Copy the listing below letter for letter, passing over each picture.

• _Data extract_:
··········
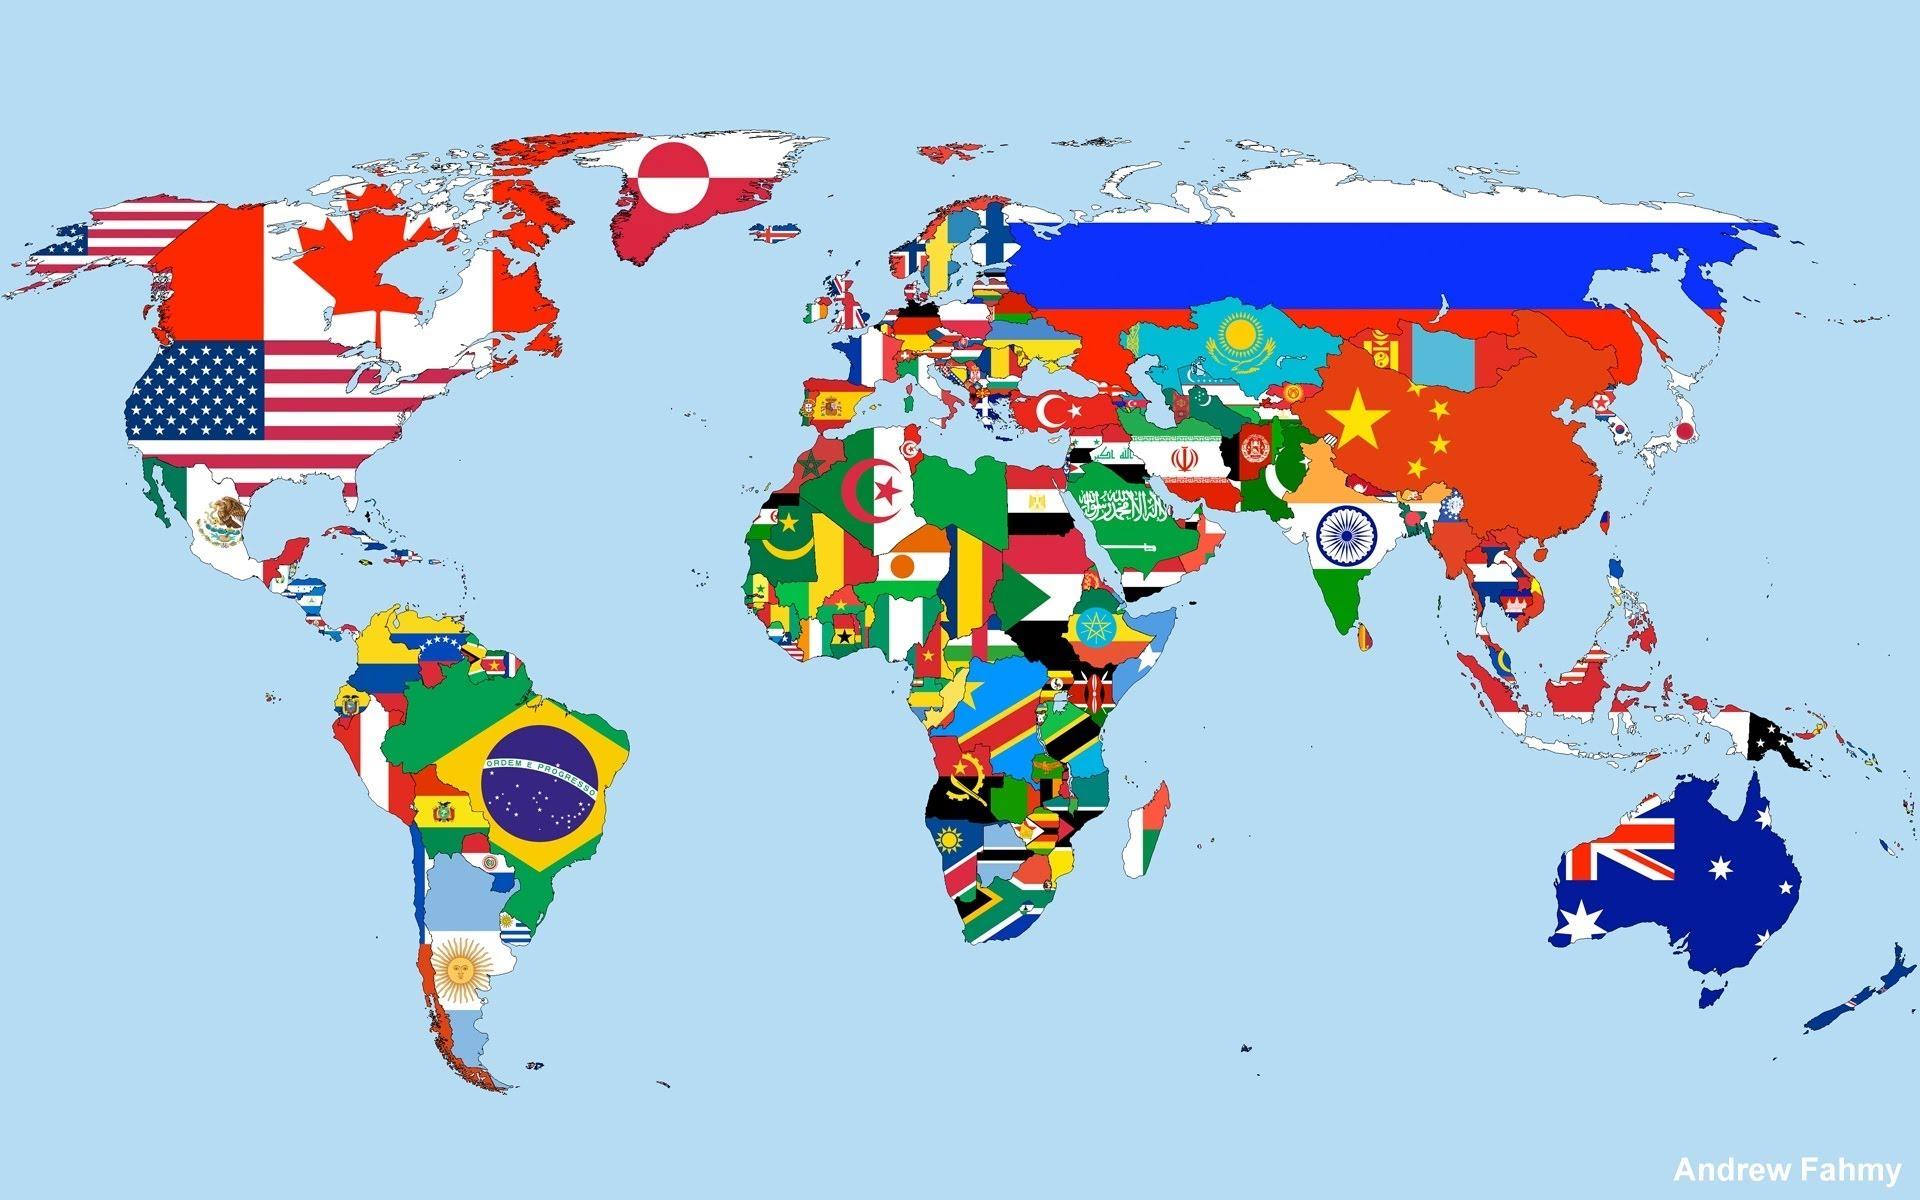 صورة خريطة العالم صماء , تعرف على خرائط العالم في ظل الحروب
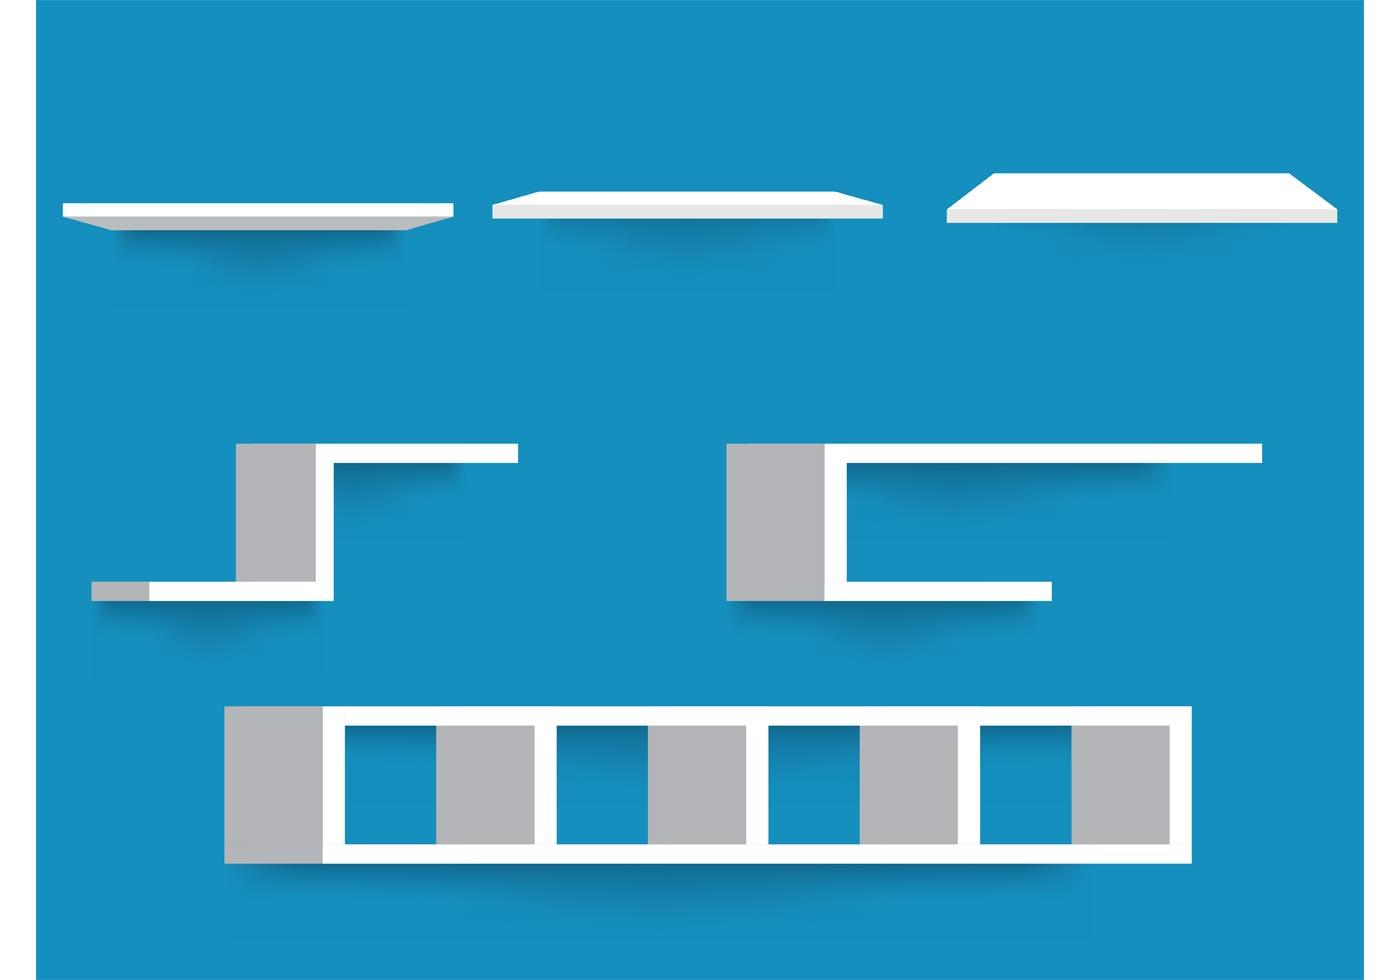 Free Vector 3d Shelves Download Free Vectors Clipart
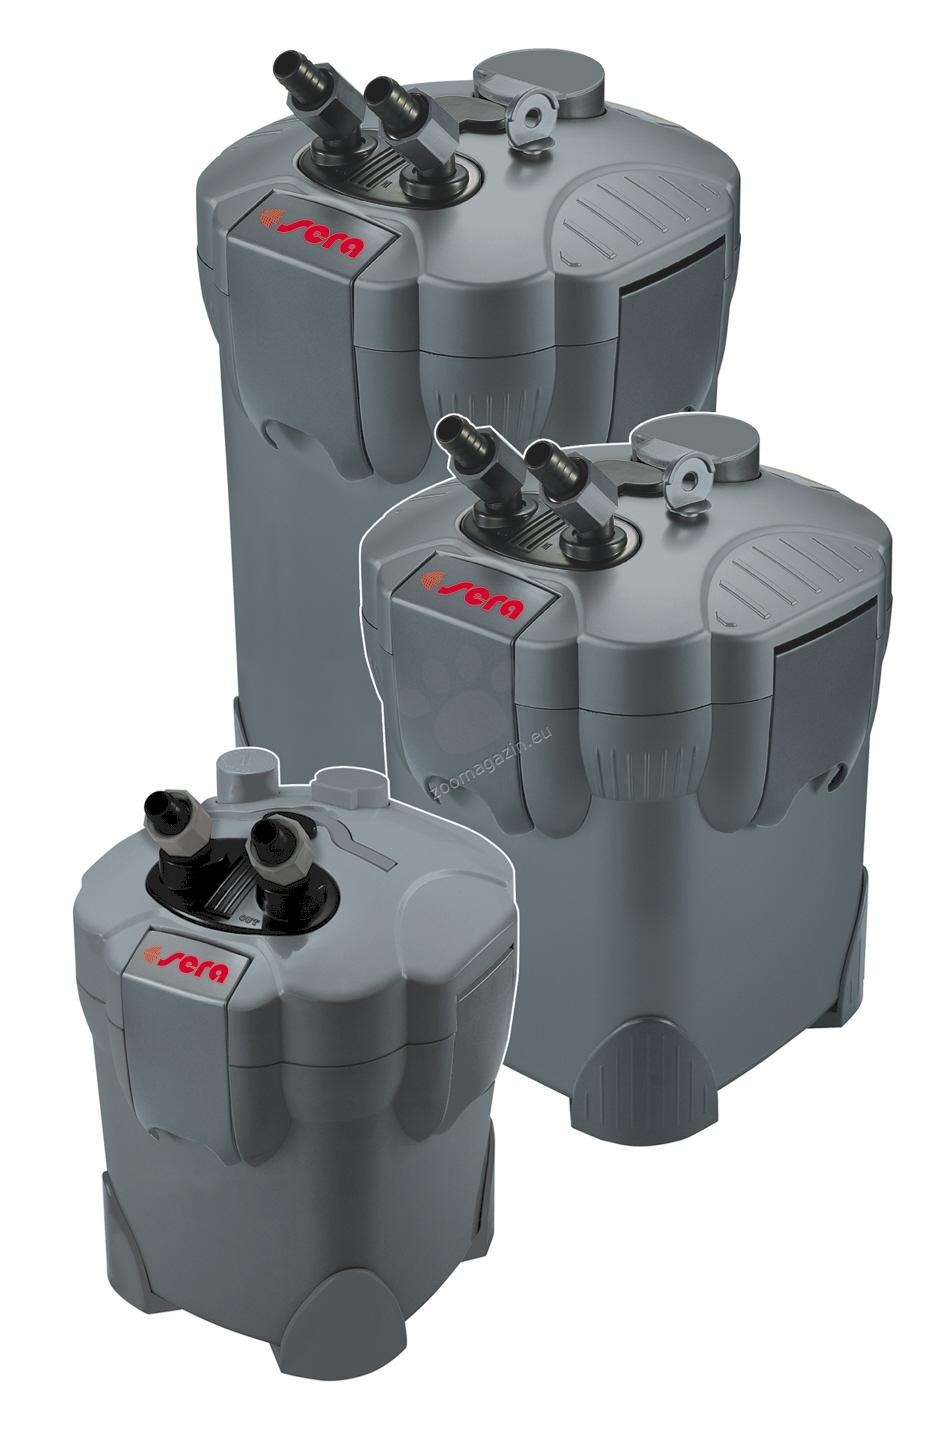 Sera - Fil Bioactive 130 + UV - външен филтър с интегрираната UV-C система 300 л/ч. за аквариуми до 130 л.
··········
• _Exercise result_:
 صورة خريطة العالم صماء , تعرف على خرائط العالم في ظل الحروب
 Free Vector 3d Shelves Download Free Vectors Clipart
 Sera - Fil Bioactive 130 + UV - външен филтър с интегрираната UV-C система 300 л/ч. за аквариуми до 130 л.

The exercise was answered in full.